Rather than revamping this successful electoral formula that Johnson never implemented, the candidates have been competing on a single issue – how to cut taxes. They seem to believe the Johnson myth that unfunded tax cuts pay for themselves. This is a detachment from reality. Rishi Sunak has been the only candidate showing some realism regarding fiscal policy.

Put simply, the importance of pragmatism and sound economic management have hardly featured in the leadership debate. One cannot be credible by making irresponsible and unachievable promises to cut taxes while investing more in public services.

Conservative Party members who ultimately decide who becomes leader are said to be more conservative than the parliamentary party.
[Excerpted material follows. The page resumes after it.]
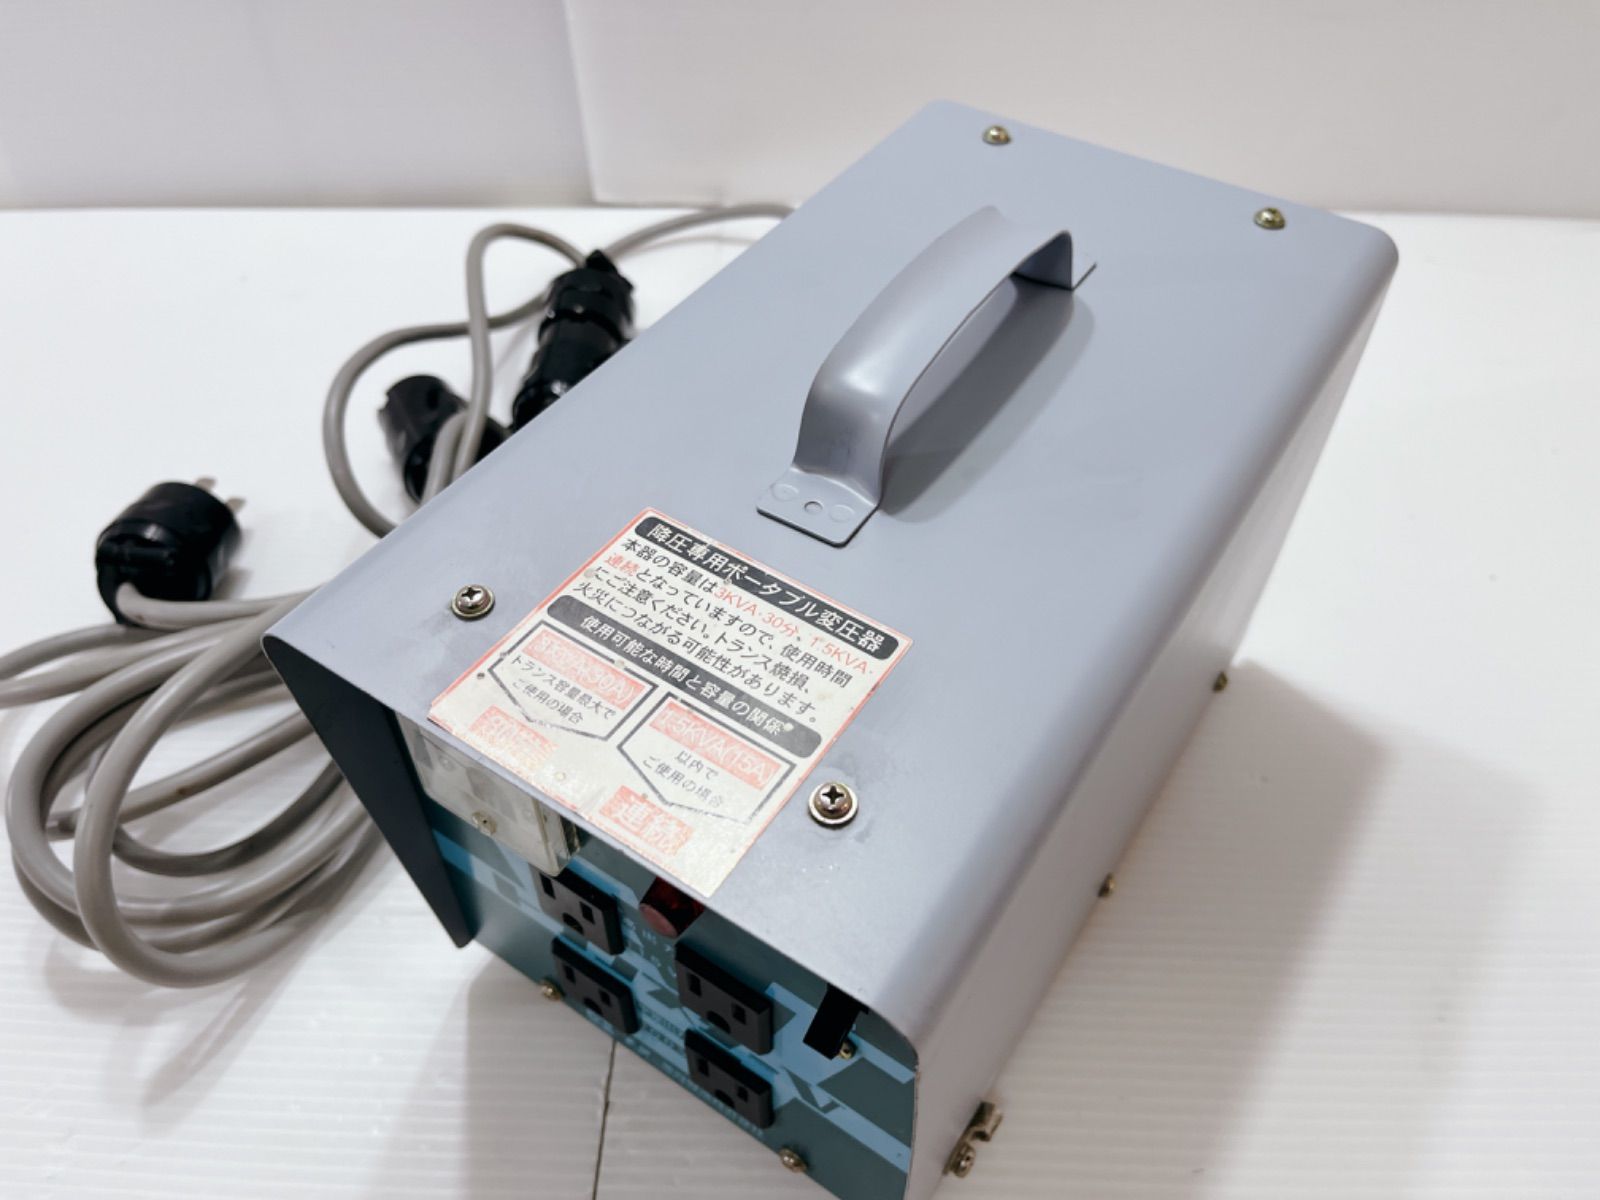 スター電器 トランスターV変圧器 降圧専用入力電圧 200V型式STV-3000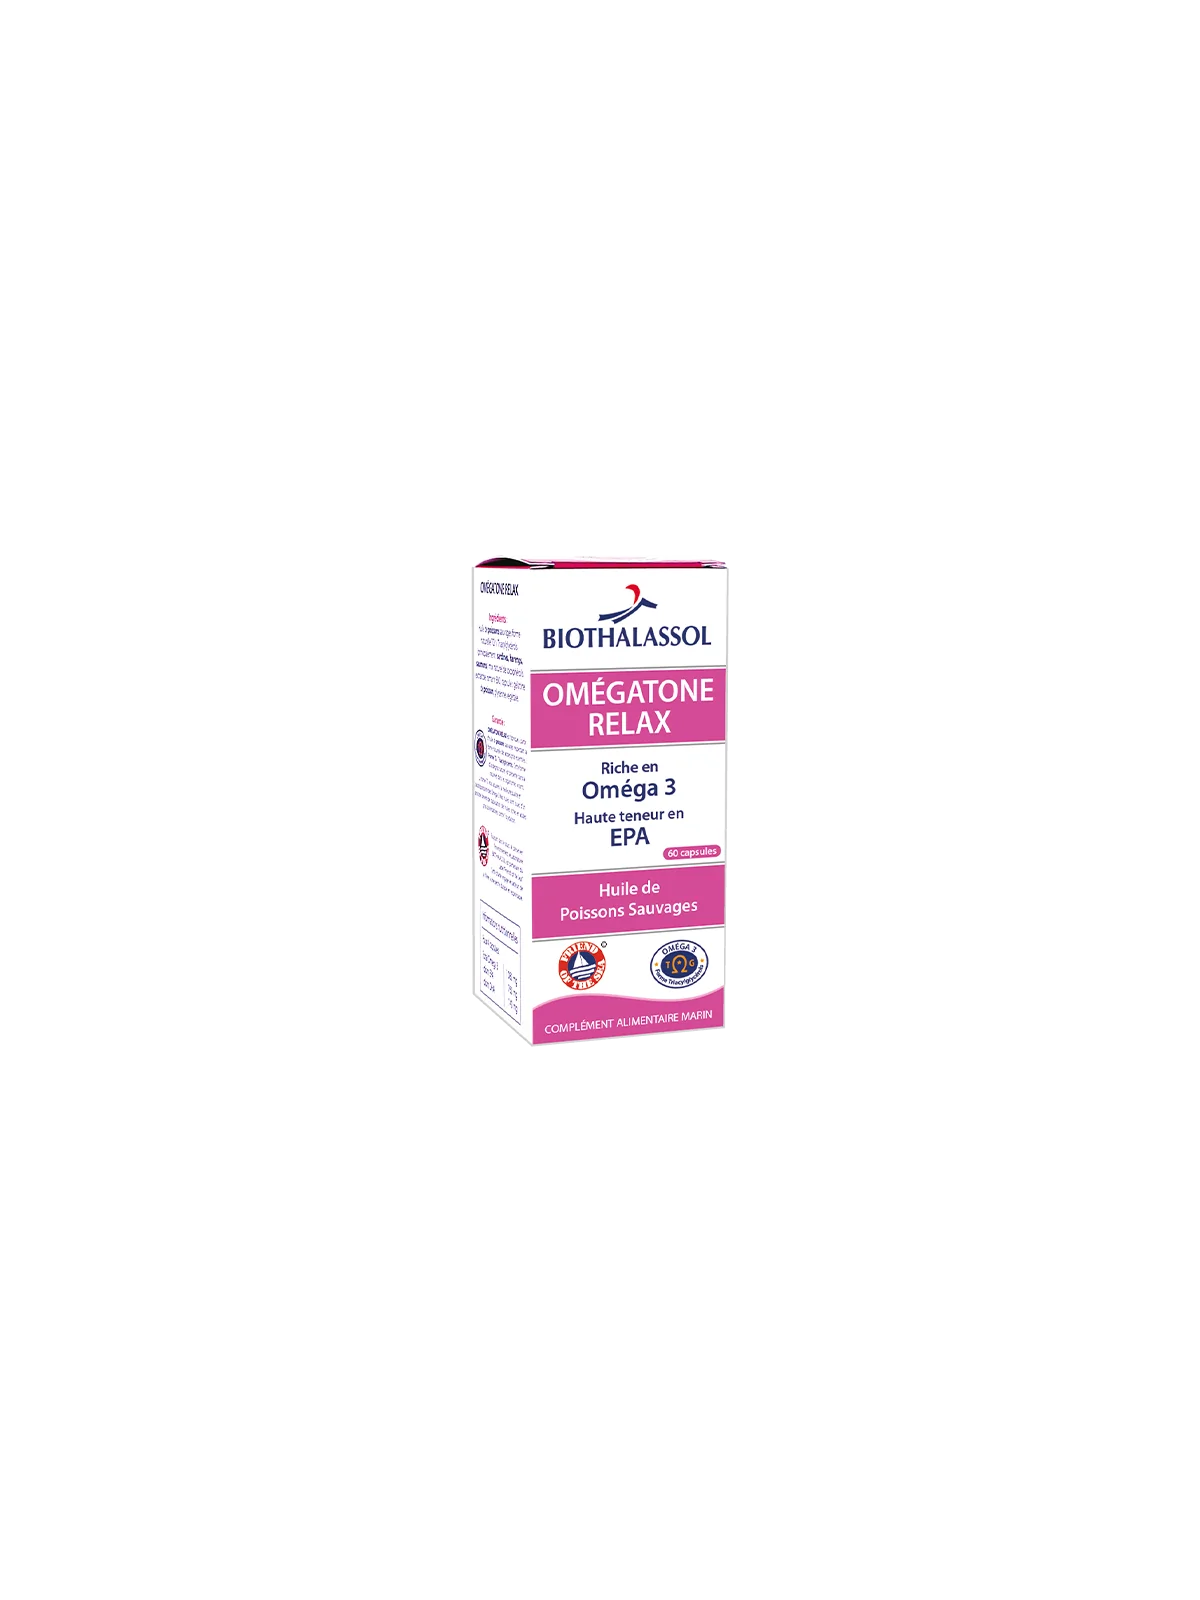 Omegatone Relax - omega 3 Equilibrio emocional Biothalassol

This political reality may be behind the leadership candidates’ commitment to driving Brexit with more determination and breaking relations with the EU. The UK needs to work with the EU to normalise trade relations and scientific collaboration threatened by the Northern Ireland row.

The Conservative Party has always prided itself as a broad political church where low-tax libertarians and high-spending interventionists could co-exist as they all have the country’s interest at heart. Under Johnson, the engines of the state have generally ground to a halt, with many ordinary people complaining about the falling public service standards. Today, ordinary people in the UK, as in all other democracies, want their leaders to talk about the national health service, the quality of education, the rising cost of living and the enforcement of law and order.

Whoever wins the battle for No. 10 Downing Street and becomes prime minister in a few weeks’ time must take Britons in their confidence and define realistic plans on how to deal with sluggish economic growth, tame escalating inflation and deliver on the promises made in the Brexit campaign.